**INFORMATION**:
——————

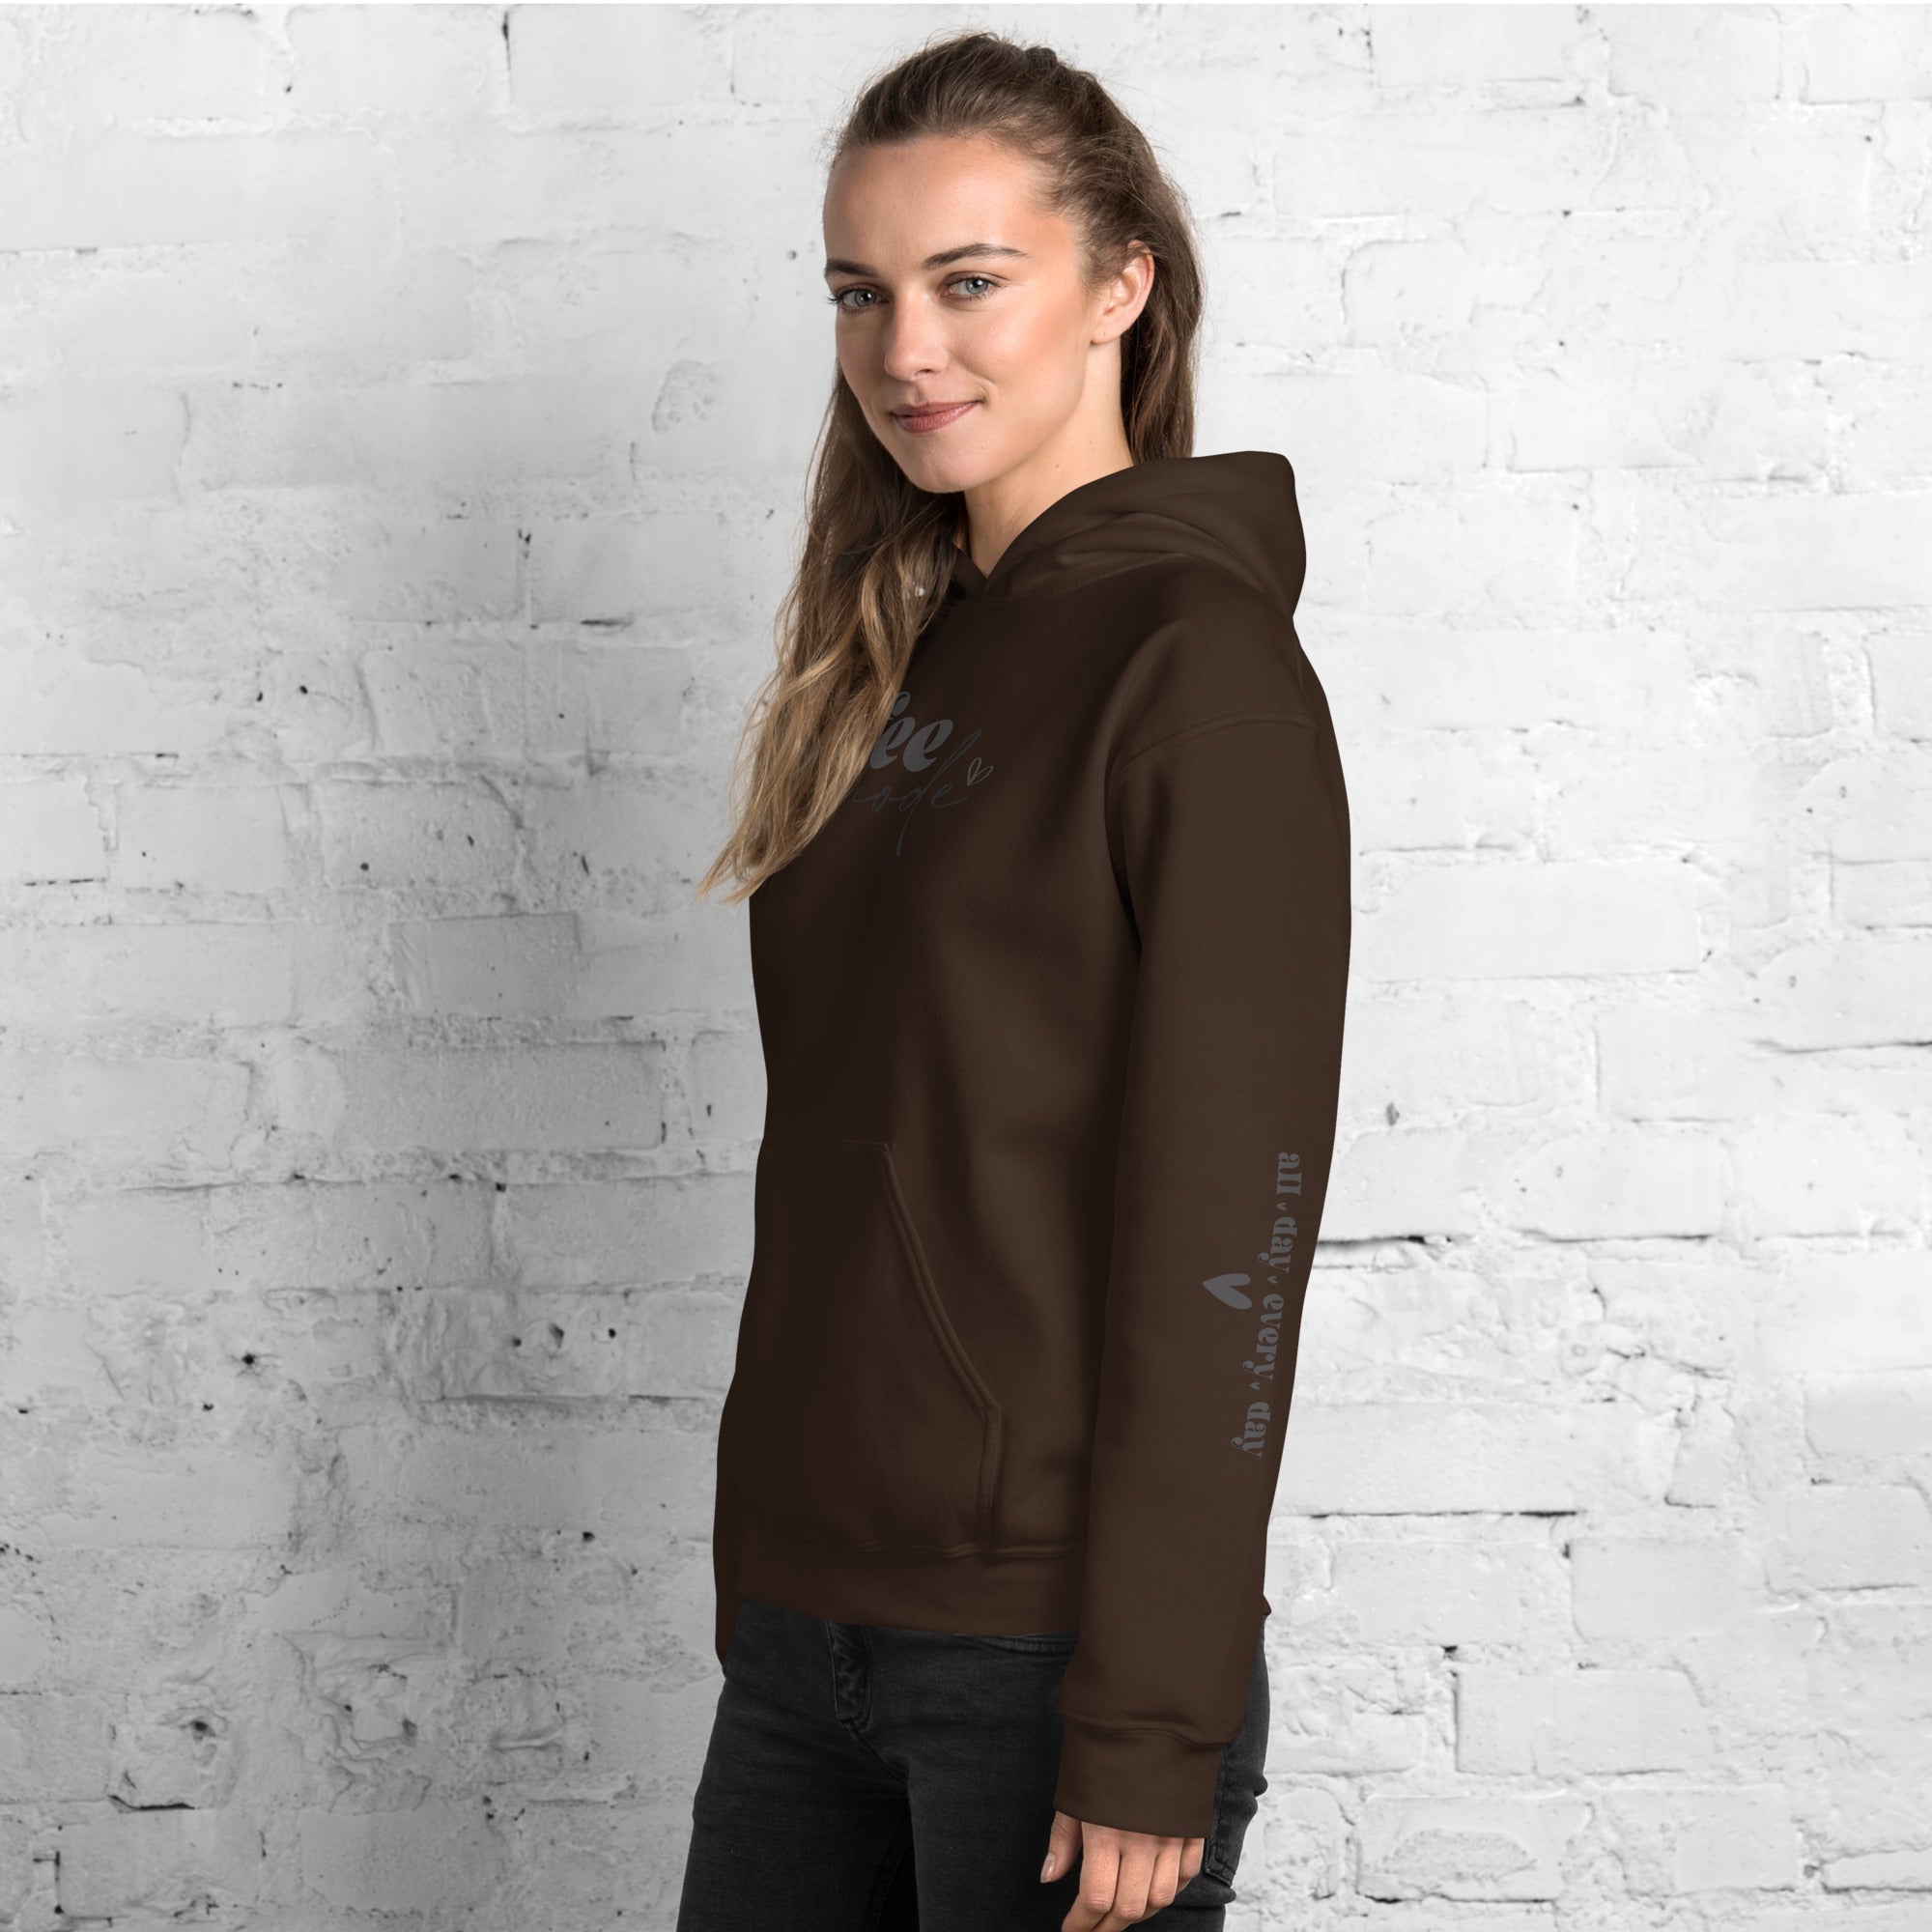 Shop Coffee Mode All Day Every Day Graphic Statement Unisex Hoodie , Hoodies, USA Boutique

——————

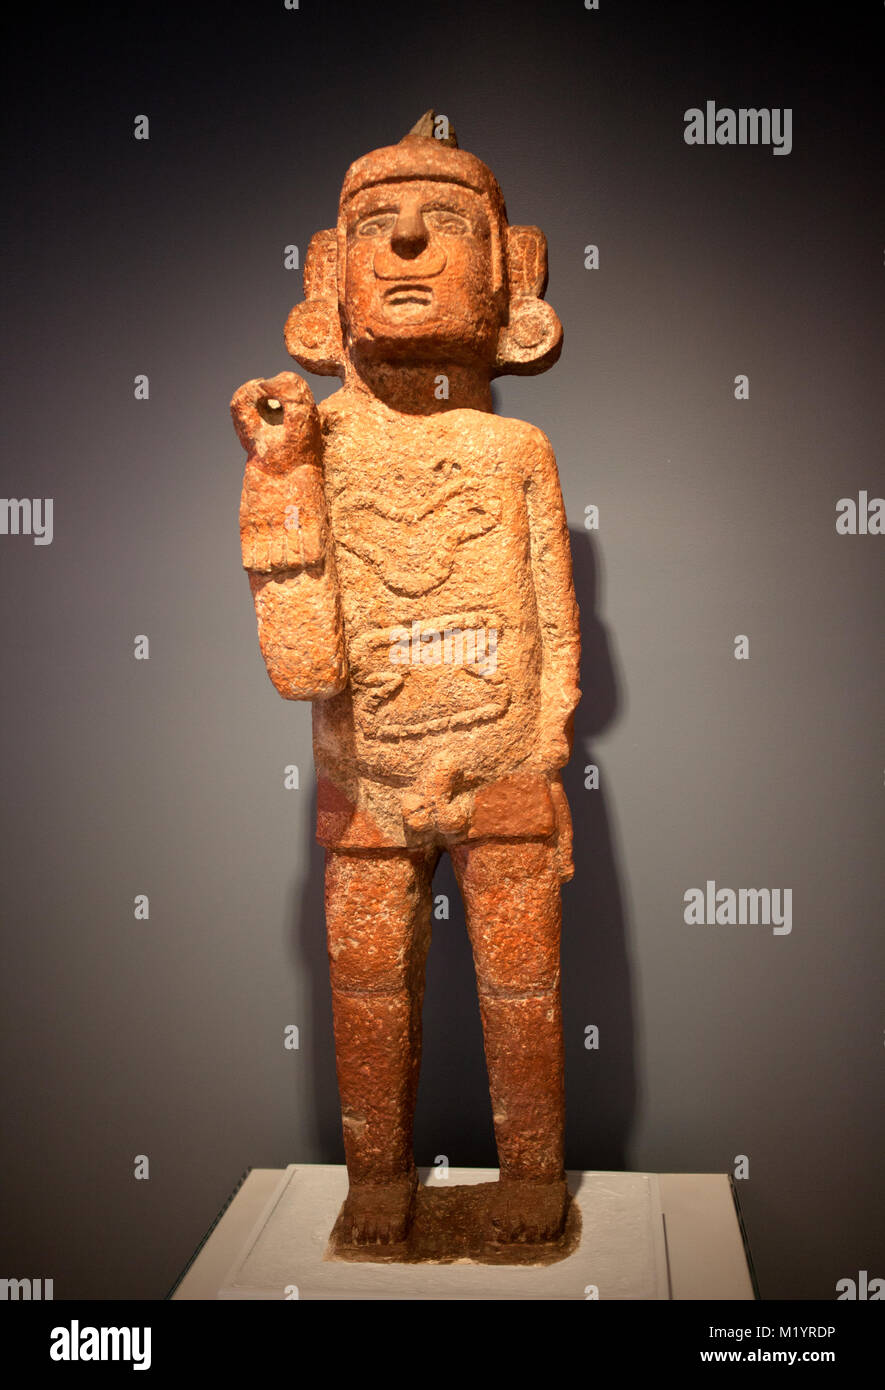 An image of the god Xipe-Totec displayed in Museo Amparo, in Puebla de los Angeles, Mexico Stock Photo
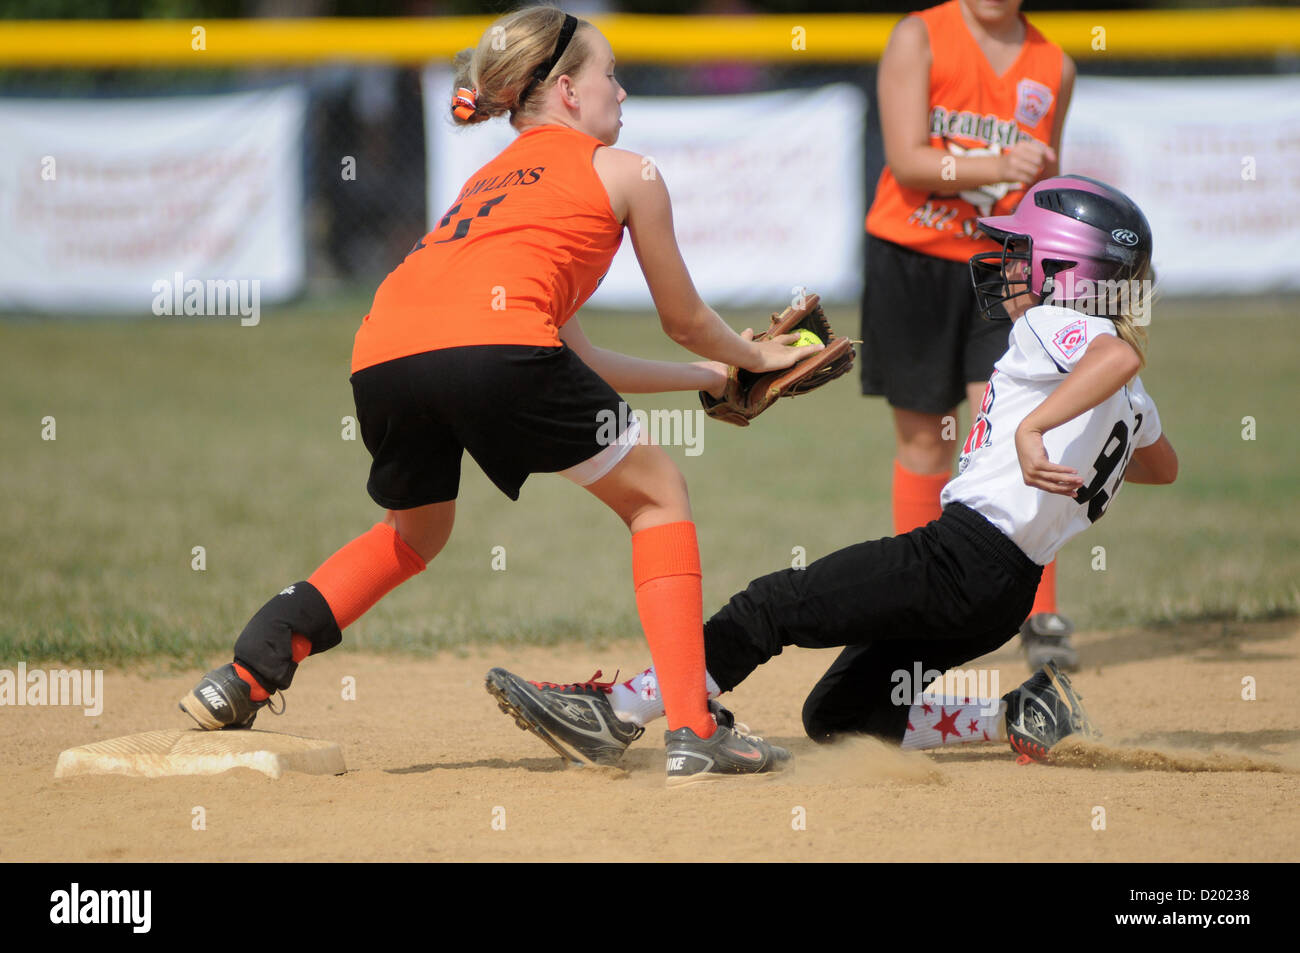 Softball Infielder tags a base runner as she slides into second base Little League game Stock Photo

——————

**PROBLEM DESCRIPTION**:
In the records above, find the line containing "An image of" and the line containing "Softball Infielder tags", then give both of them again word for word along with every line between. Omit any pictures.

**RESPONSE TO THE TASK**:
 An image of the god Xipe-Totec displayed in Museo Amparo, in Puebla de los Angeles, Mexico Stock Photo
 Softball Infielder tags a base runner as she slides into second base Little League game Stock Photo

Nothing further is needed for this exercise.